What the exercise asks » The required output is the exact run of lines in the listing below from the line holding "Wallis And Futuna" through the line holding "オリジナル食品サンプル「ベリ", with no pictures.

Records »
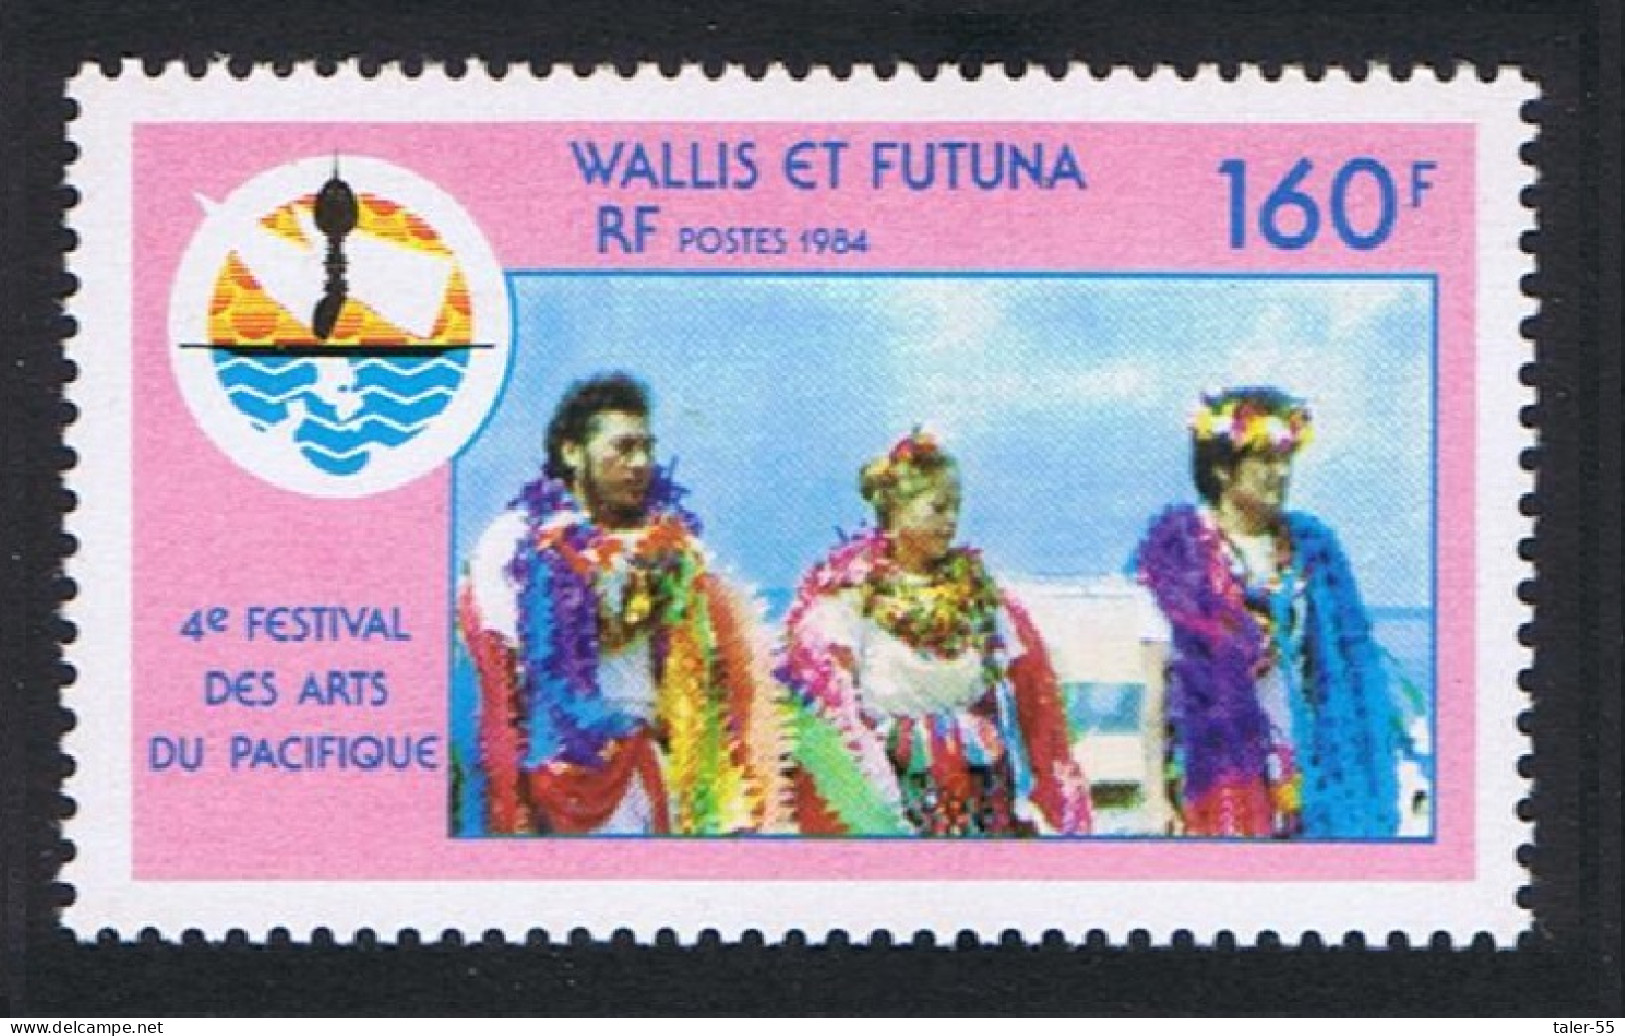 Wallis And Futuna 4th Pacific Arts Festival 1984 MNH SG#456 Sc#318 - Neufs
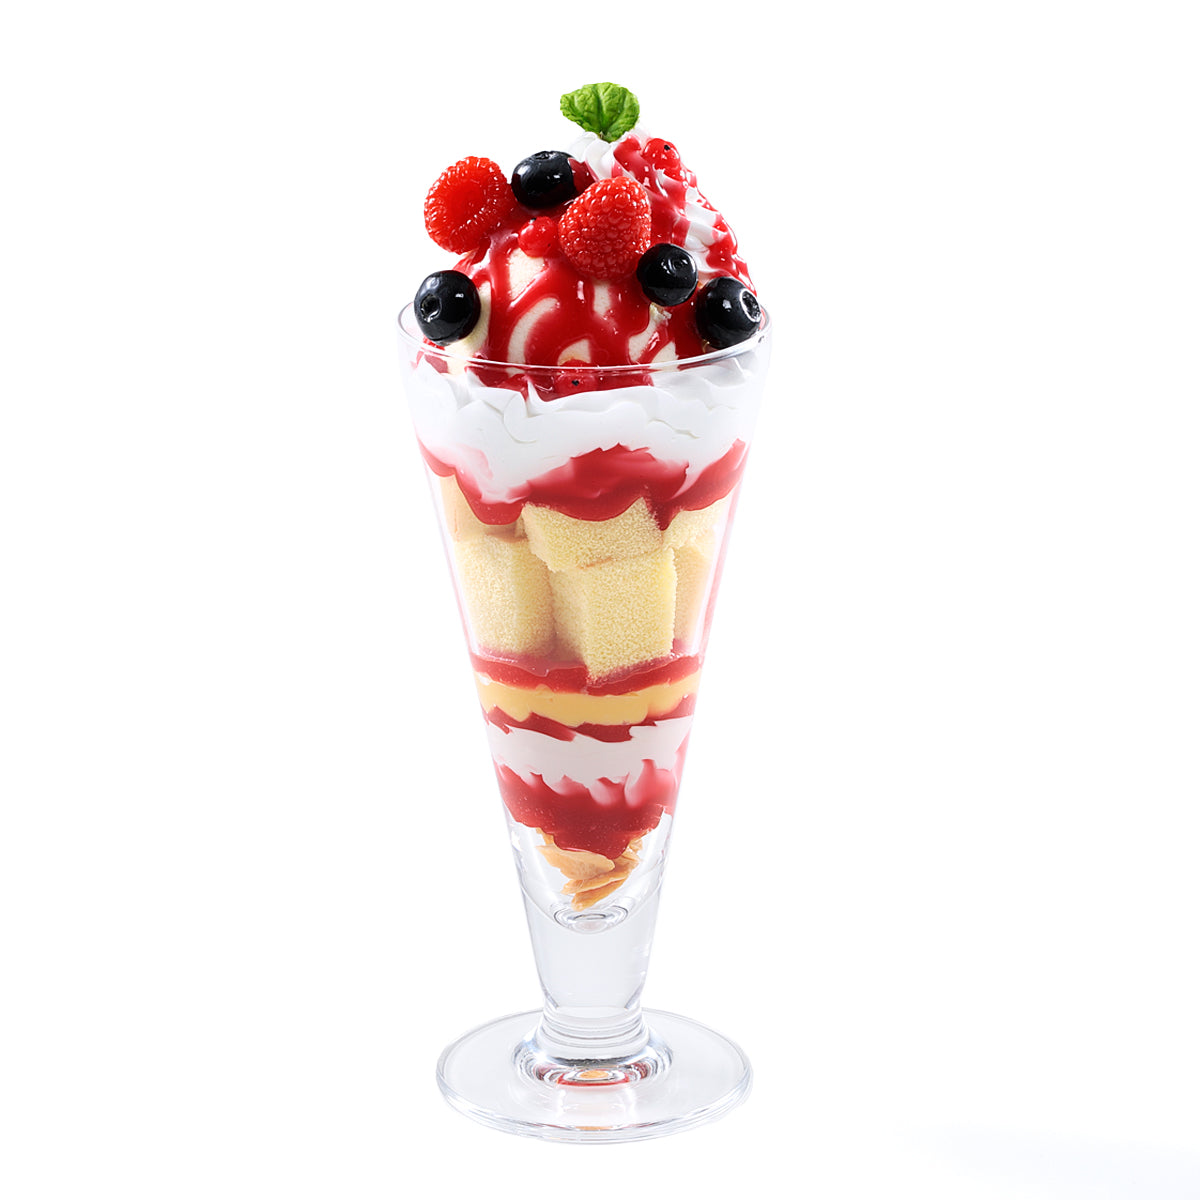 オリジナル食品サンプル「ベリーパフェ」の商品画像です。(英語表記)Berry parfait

* * *

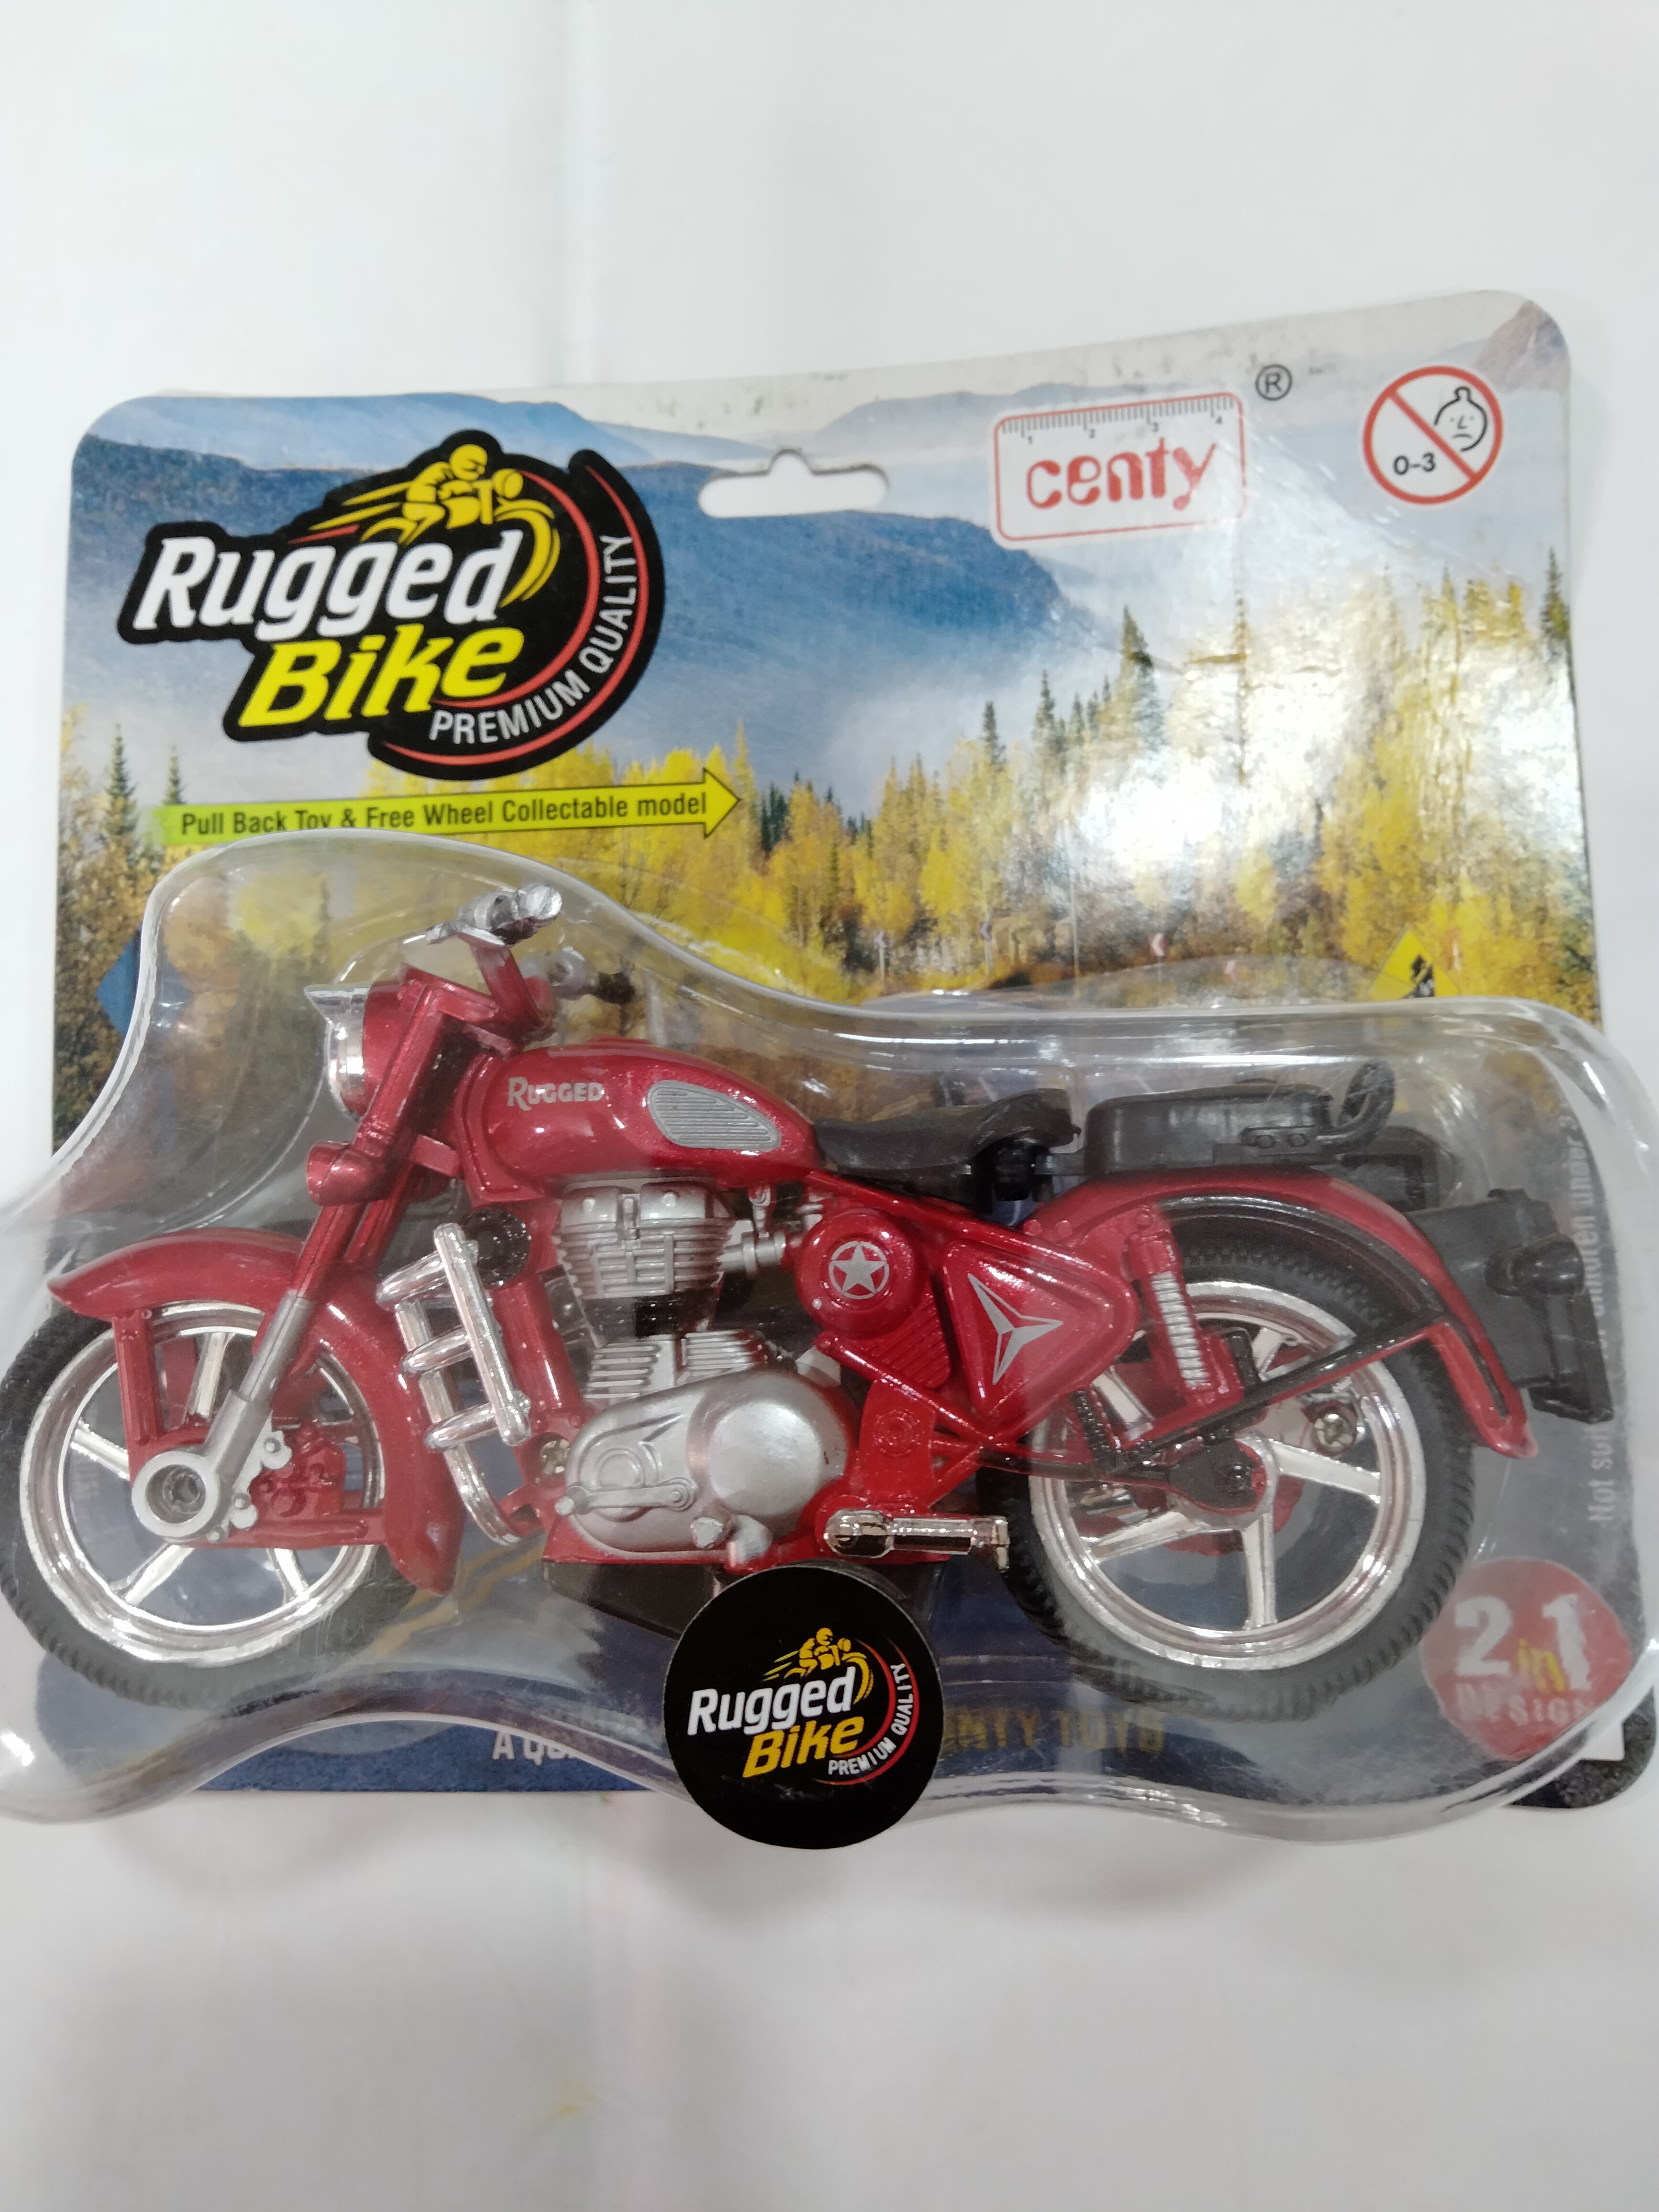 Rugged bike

Solution to the problem »
 Wallis And Futuna 4th Pacific Arts Festival 1984 MNH SG#456 Sc#318 - Neufs
 オリジナル食品サンプル「ベリーパフェ」の商品画像です。(英語表記)Berry parfait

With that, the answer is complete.